Effective ways to maintain your rental property

Below are proven methods you can use to keep up with your rental property maintenance:

1. Create a comprehensive maintenance checklist

Create a comprehensive maintenance checklist

Most maintenance issues in rental properties are predictable. Only very few of them happen by accident. Because of the workload on landlords, they need to remember essential maintenance issues on their rental property.

However, having a comprehensive checklist will help you keep up with all aspects of the maintenance so that you don’t encounter preventable emergencies. Below is a sample maintenance checklist for rental properties:

  • Inspect and clean the roof yearly
  • Inspect and clean the gutter system and downspouts
  • Inspect the basement, crawlspace, and attic
  • Regular pest extermination
  • HVAC system maintenance: Inspection, air filter replacement, and water heater flushing
  • Inspect doors and windows; check seals, hinges, screws, and knobs
  • Inspect plumbing systems for leaks or wear and tear
  • Trim or remove tree limbs close to power lines, roof, or foundation
  • Every 3 to 5 years, repaint the interior and exterior
  • Replace accessories that have wear and tear
  • Re-caulk bathrooms and shower areas to prevent molds
  • Test fire extinguishers, CO2, and smoke detectors

2. Engage in routine inspection and maintenance

Engage in routine inspection and maintenance

Having a checklist and a different issue to follow up with it appropriately is one thing. We advise that you perform inspections and routine maintenance systematically and according to standards. With that, you will follow a step-by-step format that ensures you get all the benefits. Also, it will help you set up preventive measures at the right time before issues arise.

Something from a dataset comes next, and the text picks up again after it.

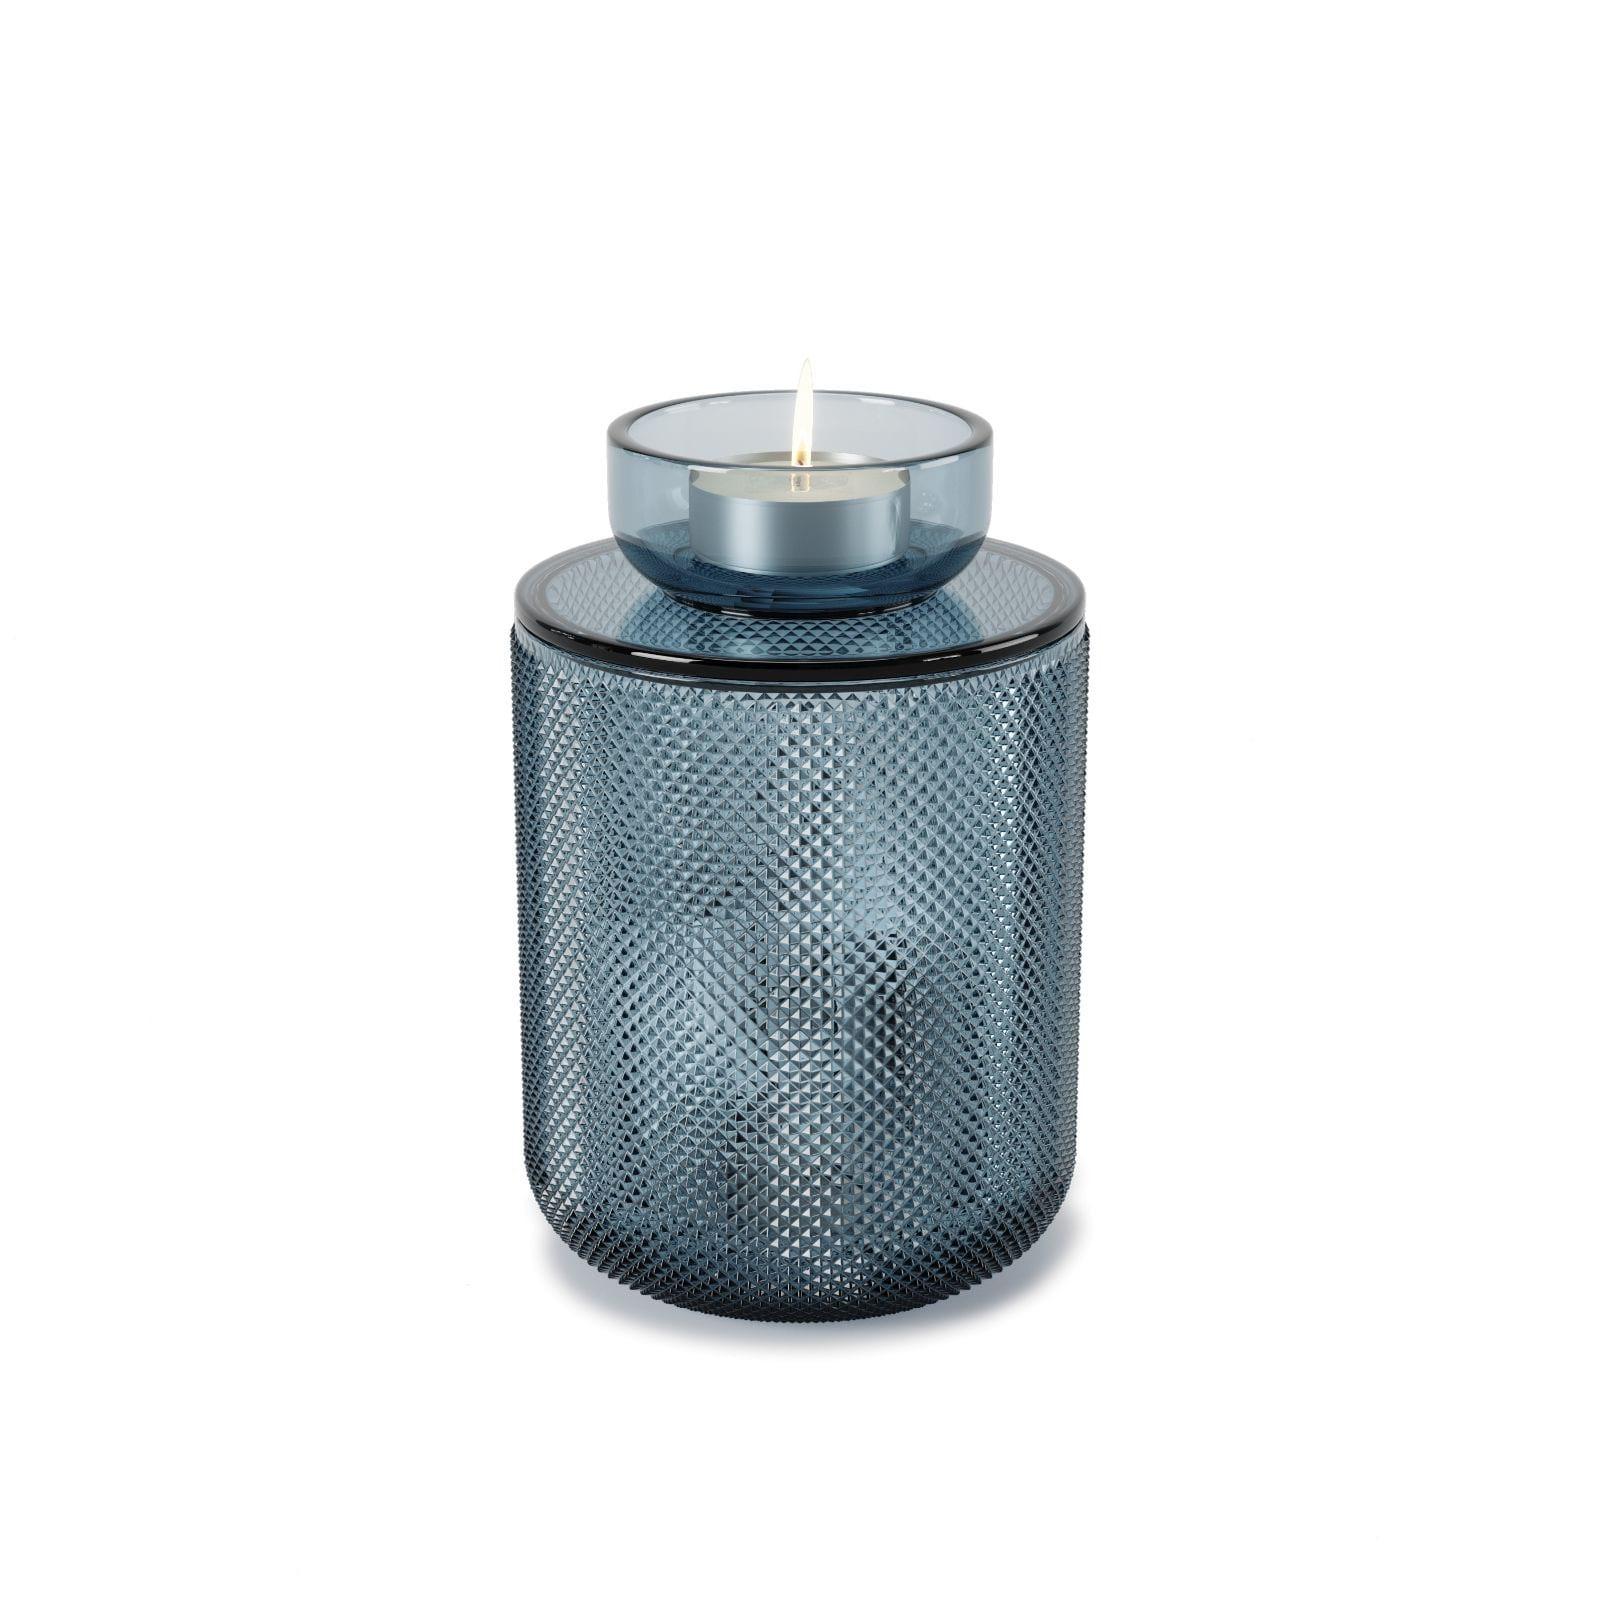 Allira Organizer Large Blue (Glass) – Umbra

For instance, routine inspections and maintenance occur at the end of each season and before the following season. Other maintenance may be bimonthly, monthly, quarterly, or yearly. Some seasonal tasks include:

Winter maintenance

  • Ensure that doors and windows have intact seals
  • Prune or remove harmful trees
  • Winterize your plumbing system
  • Educate tenants on preventing frozen pipes by aerating under the sink and keeping faucets running at very low temperatures

Spring Maintenance

  • Clean the property’s exterior (power wash the pathways, driveways, and walls)
  • Maintain the lawn and trim your trees
  • Inspect the roof, gutters, and downspout
  • Inspect the sidings
  • Prepare the HVAC system for summer

Summer maintenance

  • Check the sprinkler system
  • Remove all fire hazards from trees, flowers, and grasses
  • Check fire pits and grills
  • Ready the pool
  • Inspect and prepare all outdoor amenities

Autumn maintenance

  • Perform safety checks: look for slippery fixtures and surfaces
  • Clean gutters and downspouts
  • Inspect the roof and attic insulation
  • Block all entry points for pests
  • Check exterior caulking

3. Involve your tenants in the process

Involve your tenants in the process

Your renters are the ones who have direct and regular contact with the property. It would be best to involve them in the maintenance process. They should know what to do if they start noticing certain things that can give rise to issues. Doing so will help you respond promptly before such problems escalate.

To achieve this, you need to educate your tenants about the property’s maintenance. Let them know the tasks they need to do weekly, monthly, quarterly, or yearly and the consequences of not doing so. It is also advisable to include most of these maintenance clauses in the tenancy agreement so that they can keep up with their responsibilities.

Despite regular inspection and maintenance, a few emergencies may still occur in rental properties. You have to be prepared for this. You can prevent these issues from degenerating by having a correct procedure for reporting and requesting emergency repairs.

Let renters know the fastest way to reach you when emergencies happen. The reporting process should be easy for your tenants, and you should have a rapid response system in place.